Repeat only the lines from the one containing "Sterling silver and" to the final line below, exactly as they read, and leave every picture out.

Available data »
□ □ □
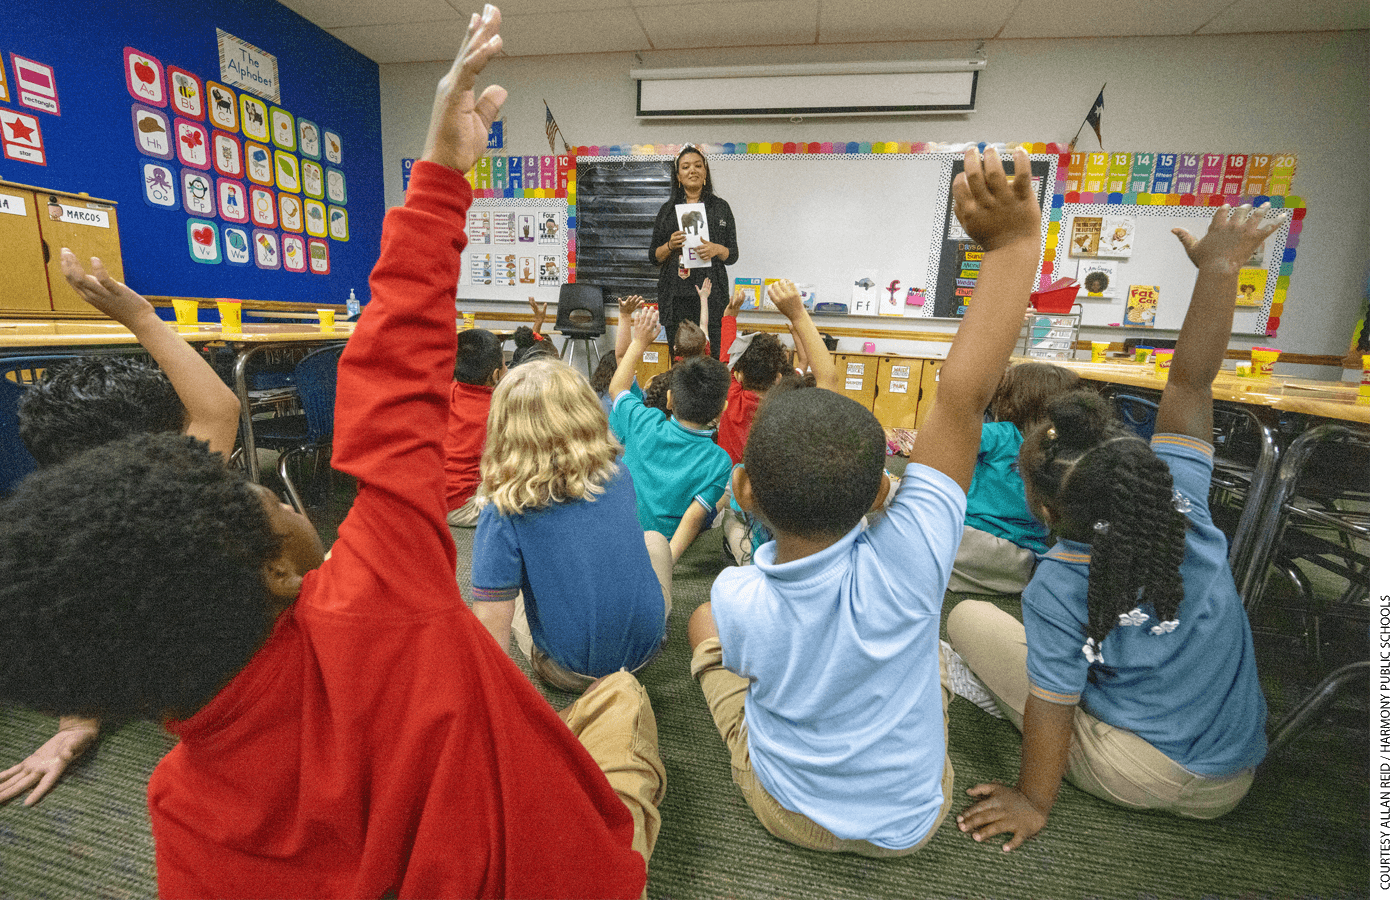 Students participate in a reading lesson at Harmony Science Academy in Waco, one of 62 schools in the Harmony Public Schools charter network that serve 40,000 Texas students.
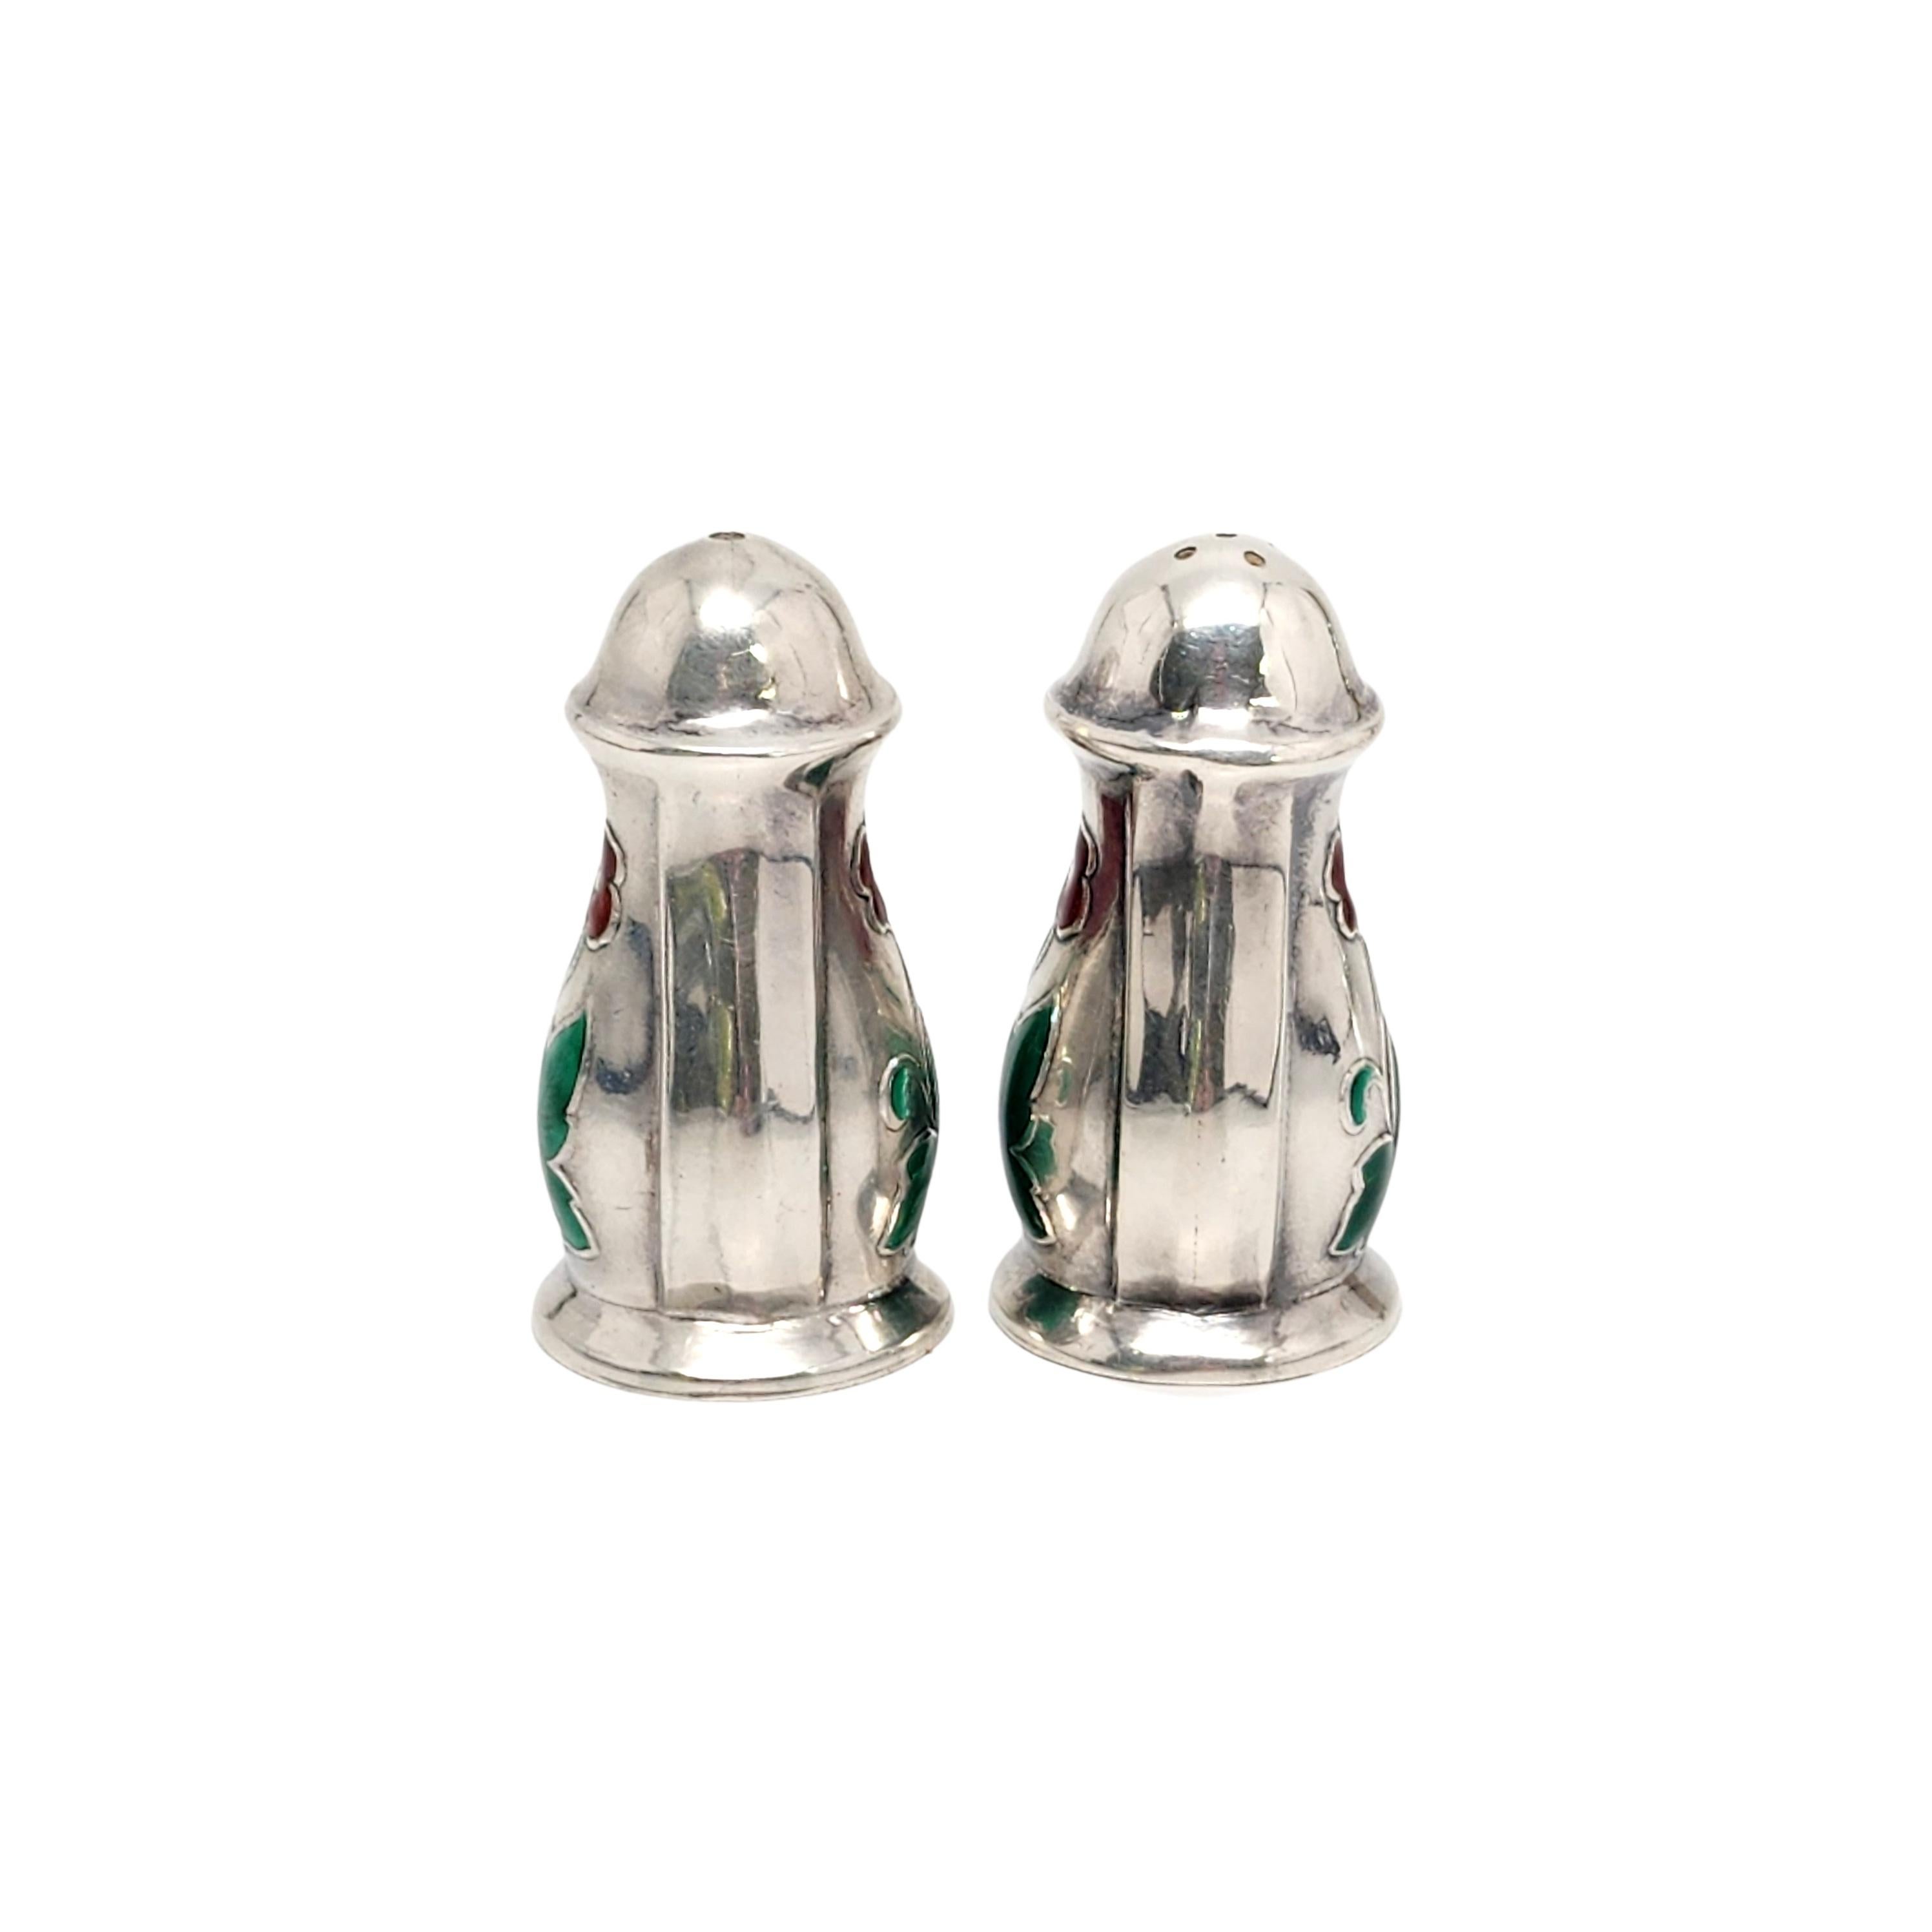 Sterling silver and enamel flower salt and pepper shakers by Meka of Denmark.

Small sterling silver salt and pepper shakers featuring enamel flowers. Salt shaker features 5 holes, pepper shaker features 1 hole. Bottom lids unscrew to
□ □ □
Your response »
 Sterling silver and enamel flower salt and pepper shakers by Meka of Denmark.

Small sterling silver salt and pepper shakers featuring enamel flowers. Salt shaker features 5 holes, pepper shaker features 1 hole. Bottom lids unscrew to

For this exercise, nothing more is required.